There is ALWAYS hope, Tao! It may not feel like it but there's a spark in you yet! Otherwise, you wouldn't have posted or come on the site.
If your social development is arrested, then find something to do with children. Anything from volunteering to an actual paying job. Let the children lead you. Learn from them. Play children's games. When my therapist was teaching me feelings, she sent me to a child psychologist! Yes, a Child Psychologist and this girl gave me a sand box to play with and a box full of toys like houses, trees, cars, swing sets, etc., and with little people; women, men, kids and guess what I found?? A Tasmanian Devil! That's what I chose to be as Me! I played like a little boy plays with cars and acted out some feelings that were strange to me then I was asked to identify them. The play was just as theraputic as the identifying of emotions.
You have a chance to recapture your childhood and grow from it... or "grow up" socially. I still become a child when my grandkids are around. I totally forget that I'm 60 yrs old when I'm around them and for the first time in my life, I can play dolls with my granddaughter and cars with the boys. My logical mind comes into play when I see things getting out of hand or they try to do something dangerous. Heck! I'm still learning to be a child! My kids were and still are at times, more like playmates than offspring!
I'm no stranger to allienation and manipulation, Hun. My perpetrator, my grandmother, once told me as my mother did, that they wanted to keep me under glass on the mantelpiece!! Because they loved me and wanted to keep me safe?? Not hardly! Like I said, my grandmother was my perpetrator and my mother could have stopped her but she didn't because she didn't have the courage to confront her "saintly mother"!! I never had any friends growing up. I'd have them for a while until they got to know me and how selfish and willful I was! No social skills. Wasn't allowed to go to sleep overs or just go for the day. If someone, by some strange coincidence wanted me to go play at their house, NO WAY! They had to come to mine and then we'd be watched by my grandmother constantly! The kids were safer going home!! I wasn't allowed to date (I snuck out of the house), I wasn't allowed to go to school functions, and all the friends I might have made were judged as "*****s" by my mom, even the girls from church; because they wore makeup!

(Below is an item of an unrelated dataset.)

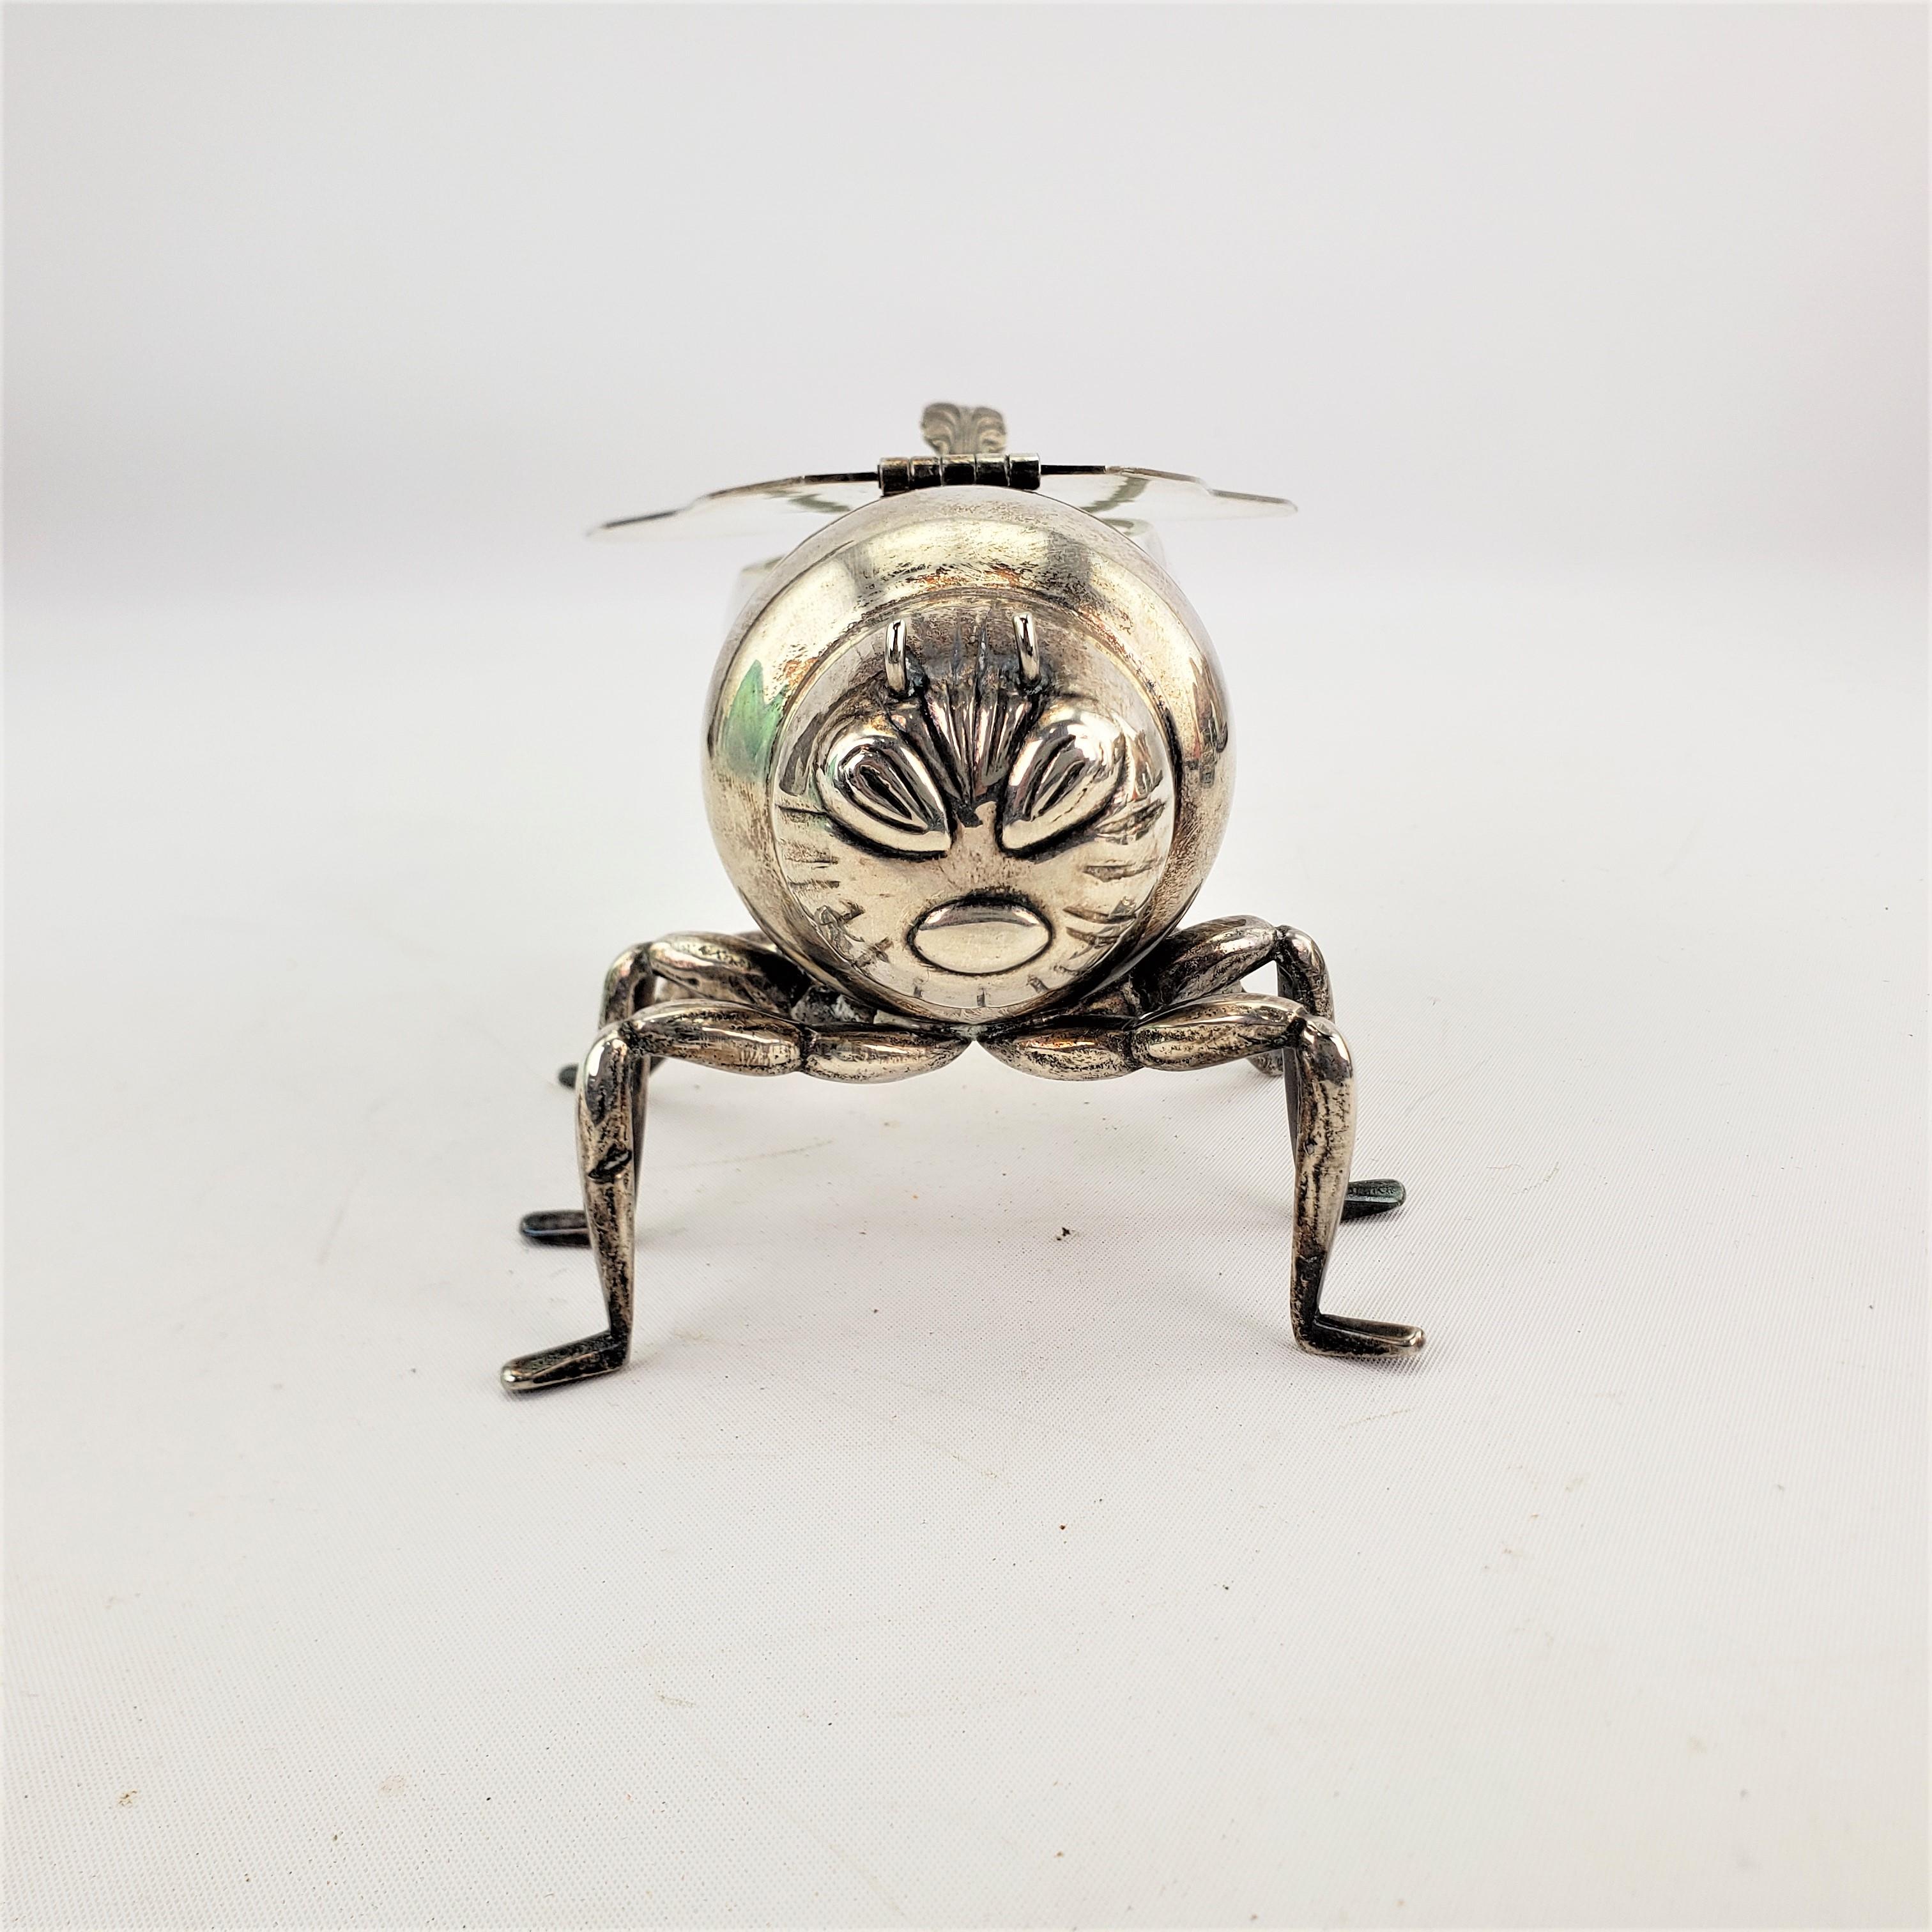 Machine-Made Antique English Silver Plated & Glass Figural Bee or Wasp Condiment or Honey Pot

Consequently, I married the first guy that asked me. What I did was jump from the frying pan into the fire! If I thought I had been "protected" at home, it was worse with him! But that's another story.
There IS hope for you! I didn't realize what a crappy childhood I had until I went into therapy at 45 or so. Don't waste the years I did! Don't give up, don't stop! Even if you take very tiny steps, <font color=red>don't give up!</font color=red> You've got a lot to make up for! Don't let your parents mistakes become yours! Don't you perpetuate the harm they caused! Don't you believe their lies that you are worthless! You are a child of the King, therefore a princess! Embrace the Grace that you are gripped by and do what you know you need to do. Instead of hearing in your mind all the negative things your parents said/say to you, listen to the Inner Voice that says "Well done, good and faithful child!"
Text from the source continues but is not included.